Cayetana Fitz-James Stuart, duquesa de Alba, no jardim do Palácio de Liria. Cayetana Fitz-James Stuart, duquesa de Alba, no jardim do Palácio de Liria. Foto: Getty Images

Comissariada por Lorenzo Caprile e Eloy Martínez de la Pera, esta mostra, que dá conta da importância da Alta-Costura como representação do estatuto social, tem vários protagonistas, a começar por Cayetana Fitz-James Stuart y Silva, a duquesa de Alba falecida em 2014. Ora o que aqui se vê sobre tão carismática figura demonstra que, não tendo sido exatamente uma fashion victim, a 18ª duquesa era uma mulher que acompanhava as tendências e, mais do que isso, mantinha uma relação próxima com os maiores criadores da sua época, espanhóis ou não. 
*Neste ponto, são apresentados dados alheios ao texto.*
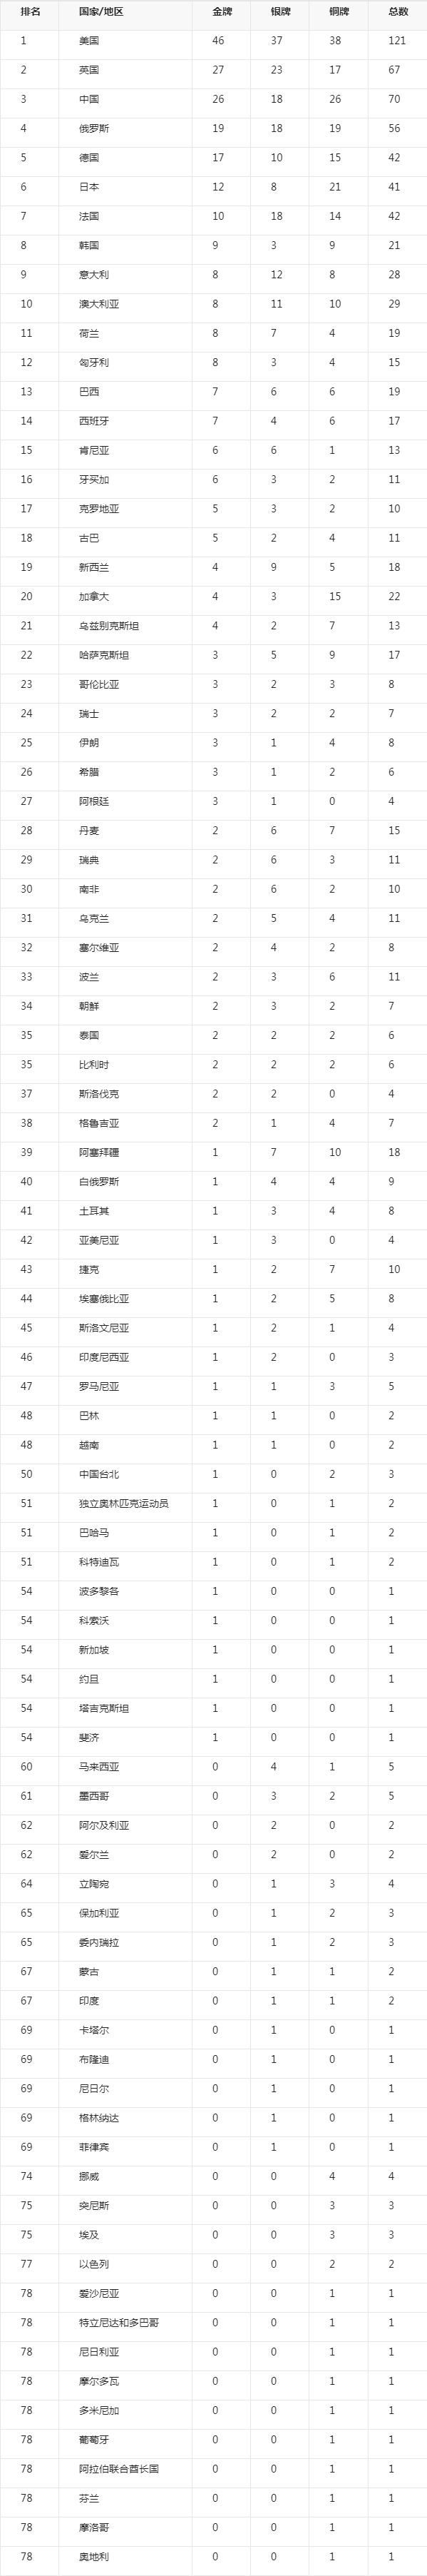 中国历届奥运会金牌数 中国历届奥运会金牌数量统计图

Vestido de cocktail para Cayetana Fitz-James Stuart, duquesa de Alba, 1960. Vestido de cocktail para Cayetana Fitz-James Stuart, duquesa de Alba, 1960. Foto: Jesús Varillas Leia também Jean-Paul Gaultier, o designer que antecipou o futuro da moda

Entre as peças que lhe pertenceram, o natural destaque vai para o vestido de noiva que usou no seu primeiro casamento, com Luis Martinez de Irujo, em 1947. Desenhado por Flora Villarreal, impressiona pela modernidade do corte (estilo camiseiro) com mangas japonesas e rendas com motivos florais. Sempre atualizada com o que de mais vanguardista se fazia em Paris, então capital incontestada da Alta-Costura, a duquesa, já viúva desse primeiro matrimónio, viria a promover um desfile da Dior neste mesmo Palácio de Liria. Estávamos em 1959 e a marca tinha a direção criativa do jovem Yves Saint Laurent. De Paris para este acontecimento, vieram 14 modelos, que apresentaram toda a coleção primavera/verão desse ano, num total de 119 peças. Nesta exposição podemos ver os registos fotográficos desse momento único, em que as peças assinadas por YSL "dialogaram" com os quadros de Franz Xaver Winterhalter, Francisco de Goya e Ticiano existentes naquela catwalk tão inesperada como sumptuosa.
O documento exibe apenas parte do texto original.